Moral luck constitutes a trap for those who aim to learn from their previous behavior in an ethically challenging situation. On the one hand, they may mistakenly reason that since the outcome was good, they handled the situation well. In reality, they may have simply have had good moral luck, in that a fortunate set of circumstances led to an outcome in which no one was harmed. On the other hand, bad moral luck can lead decision-makers to mistakenly reason that their initial decision was irresponsible and unethical, when in fact they have been victims of an unfortunate set of circumstances. A decision based on a reasonable risk can sometimes lead to a negative outcome, while a decision based on an unreasonable risk can lead to a positive (or at least not negative) outcome. Learning processes should focus on the situation as it was ahead of the decision and what the agents knew or were in a position to know at that time rather than on haphazard outcomes.

Empirical studies demonstrate that unlucky decision-makers are indeed judged more harshly with regard to the moral quality of their actions than lucky ones (Martin & Cushman, 2016). A drunk driver who hits and injures a pedestrian is judged more harshly than a drunk driver who happens to not hurt anybody. A rescue attempt is held in higher moral regard if it is successful than if it is not, even if the difference between the two attempts are solely due to uncontrollable circumstances. The pattern is likely to hold even in social media contexts. An executive may have posted a harsh message on Twitter that would have received moral criticism if a critical world event had not occurred at the same time and took her followers’ full attention. However, research also indicates that the moral difference between lucky and unlucky decision-makers and agents tends to disappear with reflection (Kneer & Machery, 2019). Through reflection, we have the capacity to overcome what Royzman and Kumar (2004) have called epistemically corrupt evaluations. This means that a reflective and honest ethical debriefing can lead decision-makers away from the moral luck trap to a realistic understanding of what has taken place and the extent to which the situation has been handled in an exemplary way.

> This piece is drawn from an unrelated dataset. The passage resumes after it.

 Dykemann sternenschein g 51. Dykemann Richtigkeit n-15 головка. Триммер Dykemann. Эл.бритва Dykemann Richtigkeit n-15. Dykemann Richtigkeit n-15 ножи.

This chapter has presented a model for analyzing options when facing a dilemma at work involving aspects of law, identity, morality, reputation, economy and ethics. The Navigation Wheel can provide support for a slow and reflective approach to such situations, in contrast to the fast and intuitive one that often manifests itself in organizational contexts. The approach has here been exemplified through an analysis of a social media dilemma in which the decision-maker was a Facebook administrator for a company and had to find a way out of a challenging situation. We have also seen that the Navigation Wheel can have a purpose in retrospective processes and serve to structure ethical debriefing, in which the aim is to articulate the experience and reflect on it in order to learn and improve one’s handling of ethical dilemmas.

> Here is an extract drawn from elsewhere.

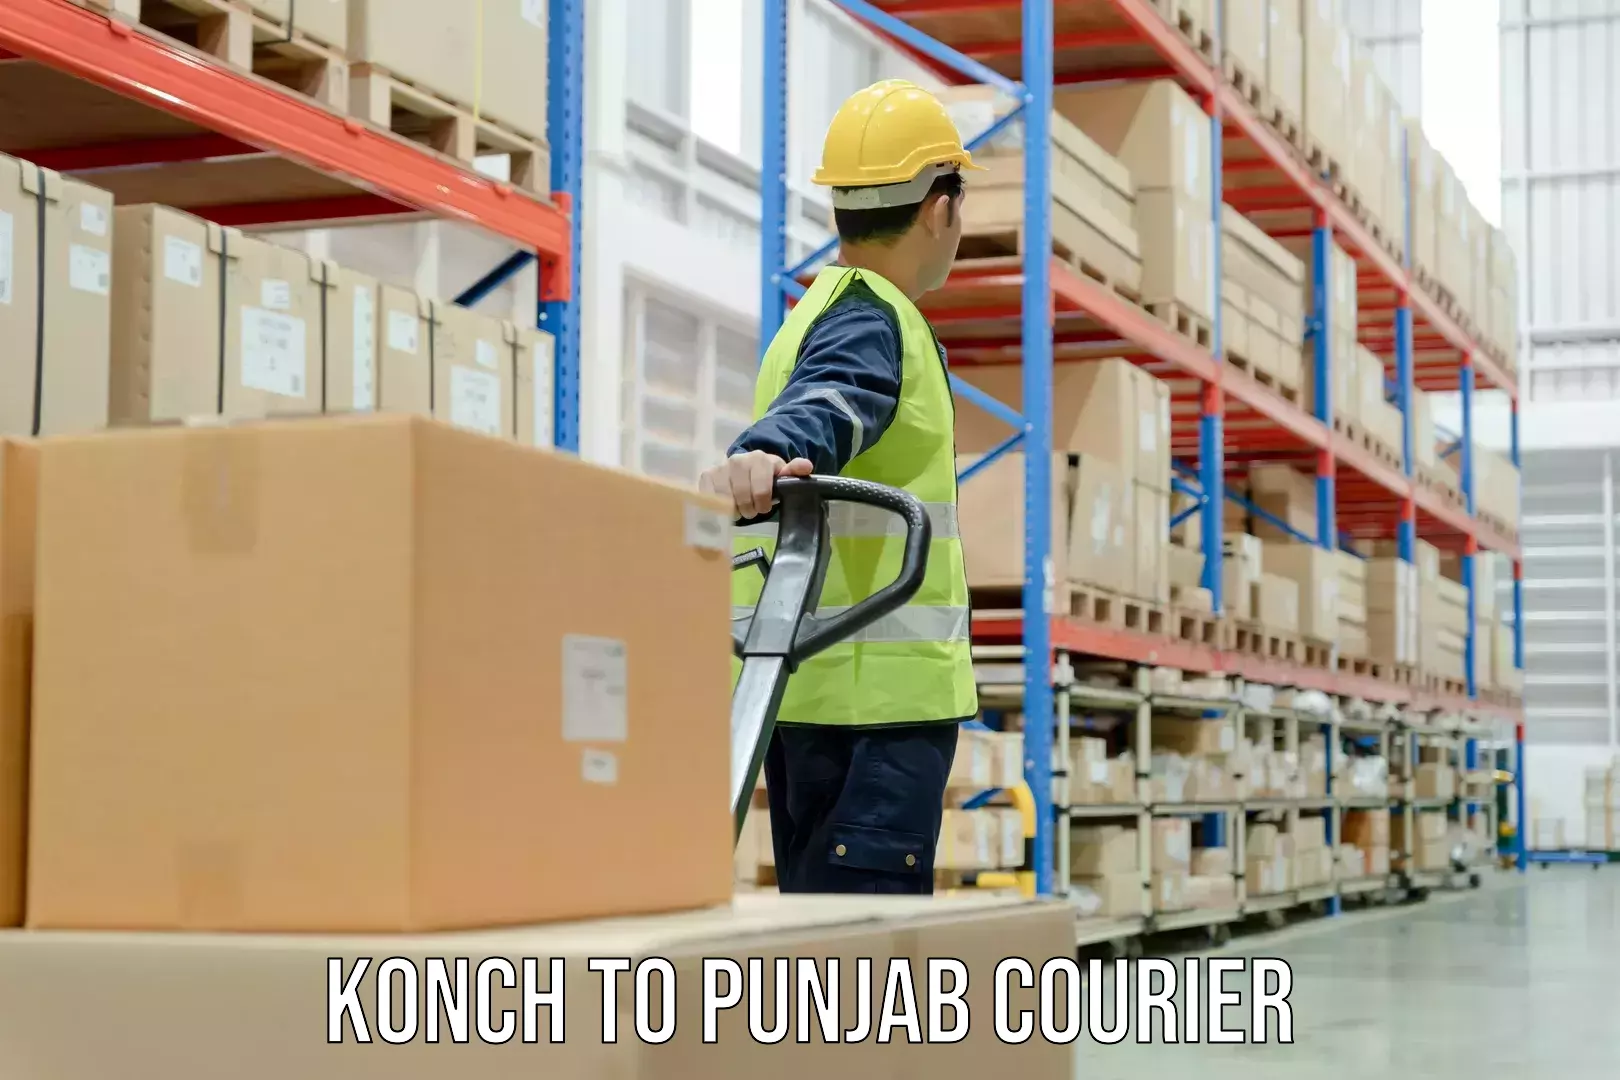 Regular parcel service Konch to Punjab

Many of the executive students who contributed to the categorization of dilemmas in this study expressed concerns regarding the resources available to them when facing stressful and demanding dilemmas. Limited leadership support and a lack of guiding norms and principles put them in precarious situations where impulse and intuition often dominate over more thoughtful responses. Ethical training and familiarity with the Navigation Wheel and similar tools have the potential to make them better prepared for coping with ethical dilemmas on social media.

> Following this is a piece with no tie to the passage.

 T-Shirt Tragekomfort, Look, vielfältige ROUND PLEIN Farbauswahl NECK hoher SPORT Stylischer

The topic of the next and final chapter is leadership and social media. The starting point is the frustration expressed by many informants regarding a lack of sufficient support from their leaders when facing ethical dilemmas. It proceeds by discussing that frustration in light of the concepts of ethical leadership and balanced leadership before ending with a proposal to research and study ethics on social media through the lens of a distinction between do-good ethics and avoid-harm ethics.